Mulholland's Farm is the most intact surviving farm on Brisbane Water from the farm subdivision era of the 1880s to 1945. It includes a house (built c. 1907), wharf and boatshed, and possibly well, related to its farm use, and uniquely retains its historic setting on the foreshore of Brisbane Water.

Mulholland's Farm was listed on the New South Wales State Heritage Register on 2 April 1999 having satisfied the following criteria.

The place is important in demonstrating the course, or pattern, of cultural or natural history in New South Wales.

The former farm, albeit subdivided, with its house and foreshore farm structures, is one of a small number of farms established from subdivisions of the 1880s to survive in the local area. In this instance it is Green Point Estate subdivision of 1885. The Place appears to retain, more than any other on Brisbane Water, its full visual setting and physical relationship with the water, farm structures, and a meaningful rural setting with key historic elements.
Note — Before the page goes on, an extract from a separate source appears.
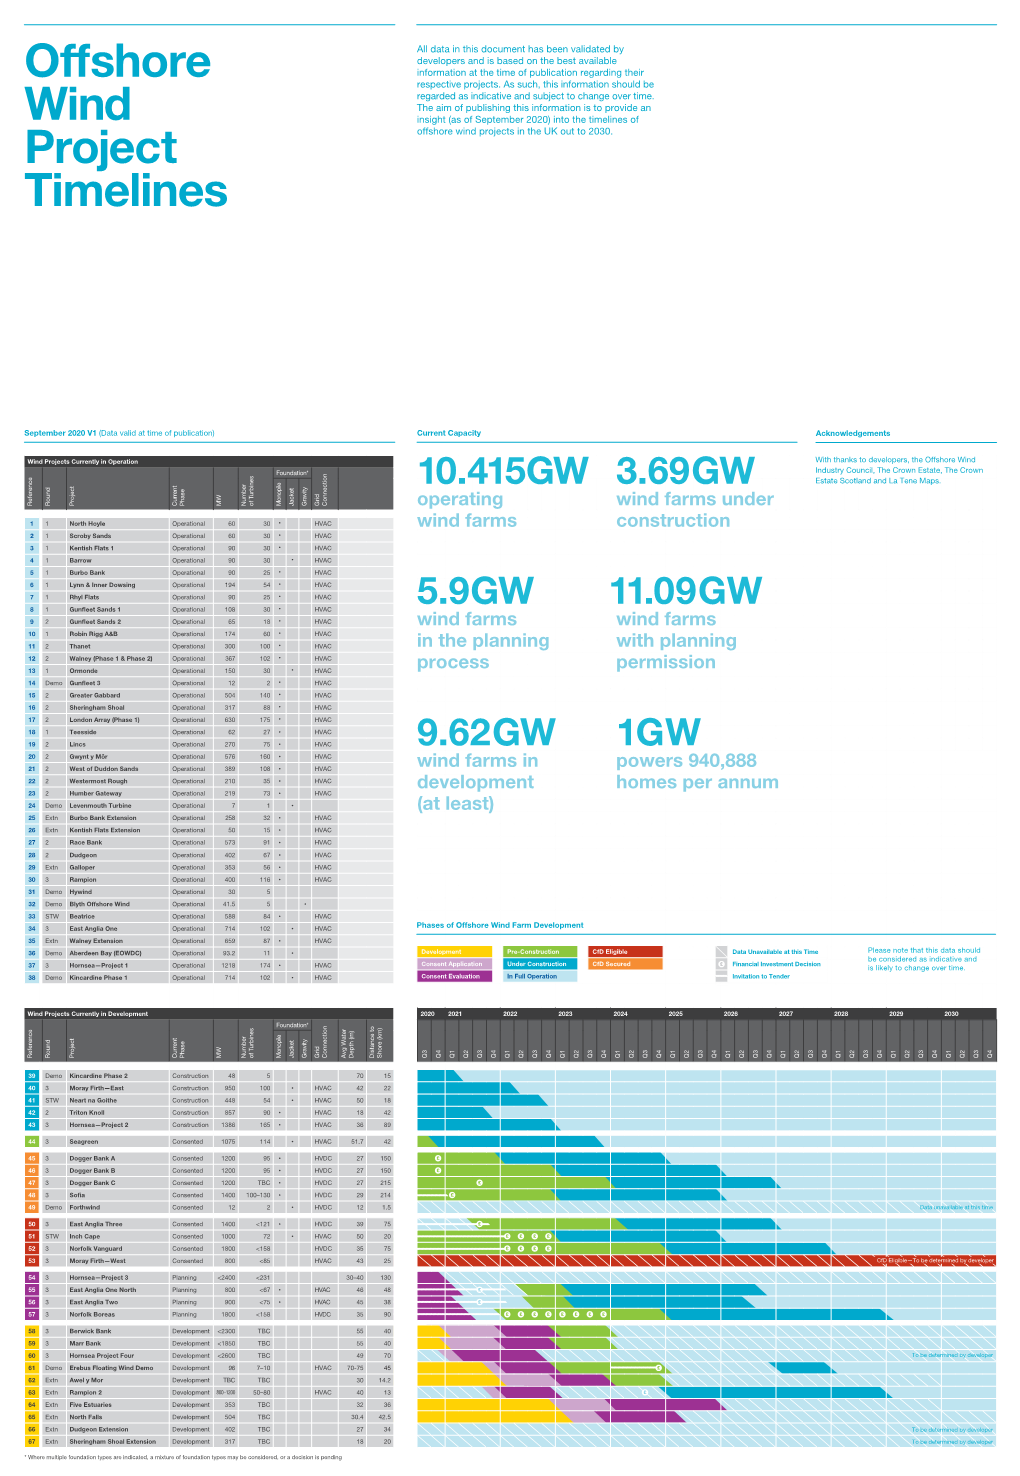 Offshore Wind Project Timelines

The farm is one of a number of former farming properties in the local area associated with a pioneering family. In this instance it is the Mulholland family who owned the property from 1907 through to 1958. The house is one of two comparable examples identified in the Central Coast Heritage Study as an early farm residence associated with a coastal setting and wharf structure (the other is at Riley's Bay).
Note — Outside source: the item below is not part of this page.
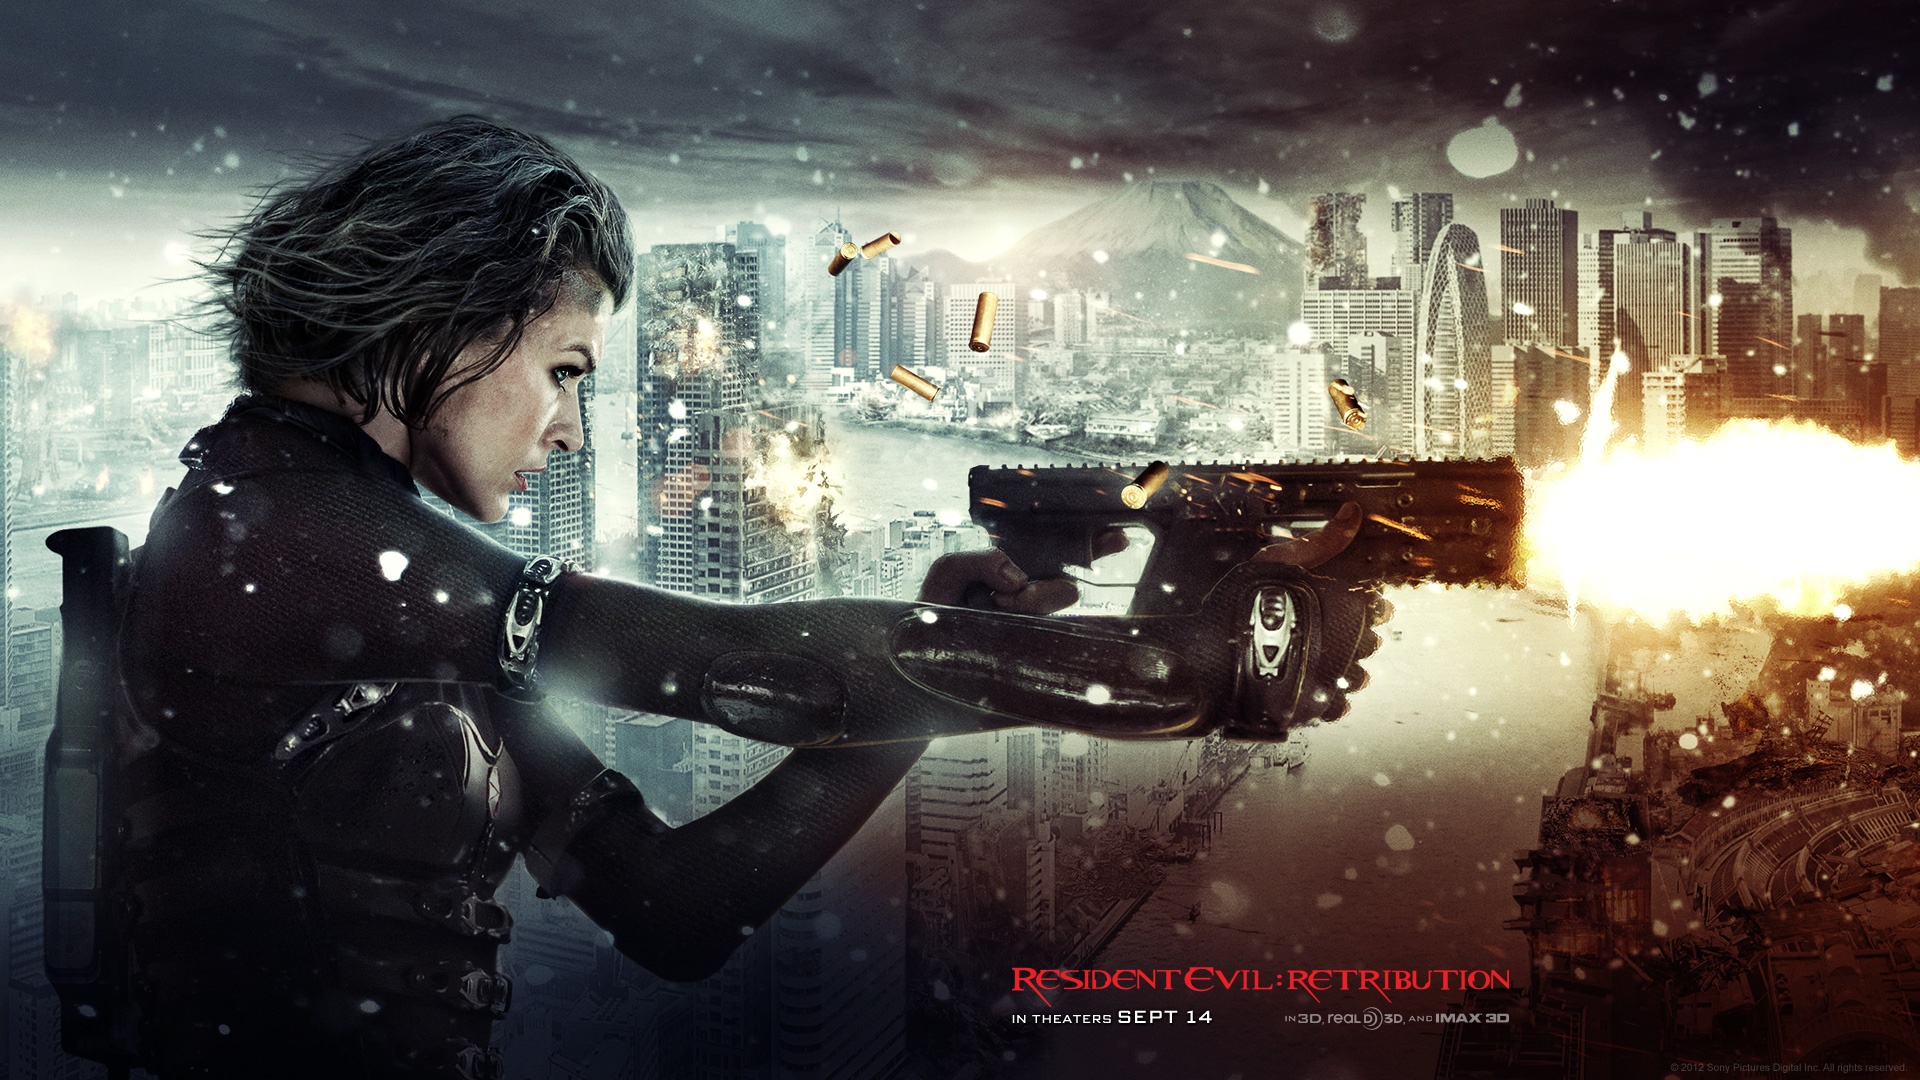 Resident Evil 5 Retribution wallpapers and images ...

The place is important in demonstrating aesthetic characteristics and/or a high degree of creative or technical achievement in New South Wales.

The house is a good example of a large but very simple early twentieth century rural house. Its verandahed form and construction entirely conform to the tradition of rural house construction for the period such as in the use of weatherboard sheeting, gable form roof, and brick chimneys. The planning of the house is distinctive for its wide living hall, a particularly favoured feature of the Edwardian period. It is also well sited on a natural promontory. The place is probably unique for its age in the local area for the combination of its setting on the foreshore of Brisbane Water, age of construction, and integrity of fabric, external form and planning.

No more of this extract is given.